Yes. In terms of the runway, which is the essence of your question, we do see ourselves as fully funded based on our current business plan. And our current business plan, of course, makes assumptions about how we see the introduction of PALFORZIA continuing to ramp. So we feel good about that.

And then in terms of the burn rate, yes, I mean, it should be — we continue to manage our expenses very closely. And every quarter, there’s some give and takes up and down, but we can continue to see really good cost — we expect to see continued really good cost containment for the rest of the year.

Derek Archila — Stifel Financial Corp. — Analyst

All right. Thanks, guys.

Operator

Thank you. And I’m showing no further questions at this time. And I would like to turn the conference back over to Jayson Dallas for any further remarks.

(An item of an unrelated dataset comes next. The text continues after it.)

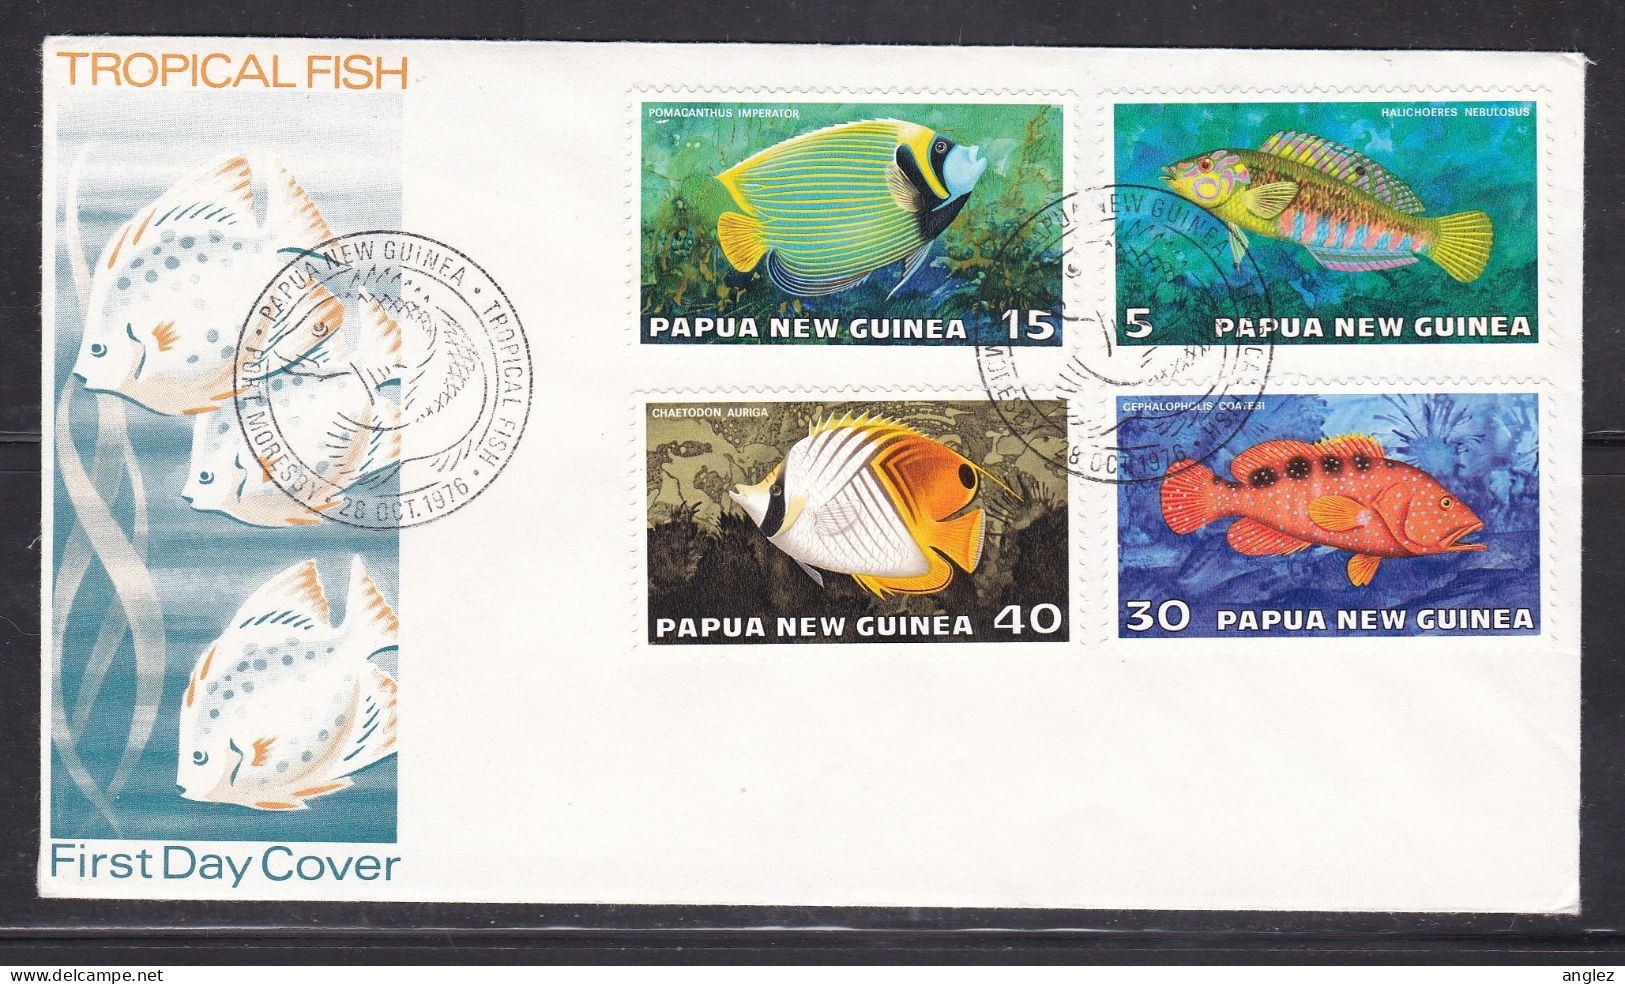 Papua New Guinea - 1976 Tropical Fish Illustrated FDC - Pictorial Postmark - Papua New Guinea

Jayson Dallas — President and Chief Executive Officer

Thank you, everyone, for joining our call today. I’m very proud of the team at Aimmune and the progress that we’ve made during this extremely challenging time. With almost 1,000 physicians signed up for the REMS, payer policies covering 102 million lives and our recently initiated targeted consumer marketing campaigns, we anticipate the PALFORZIA launch picking up over the coming months. Our market research shows that there is still strong demand from allergists and caregivers for a treatment for peanut allergy, and we’re excited to be able to offer them the first and only FDA-approved therapy. We have been and will continue to be thoughtful about our spend so that we can get PALFORZIA to those in need while preserving capital. We believe the long-term prospects for PALFORZIA and Aimmune remains strong and promising, and we look forward to providing future updates.

As always, I thank you for your ongoing support and for joining us on today’s call.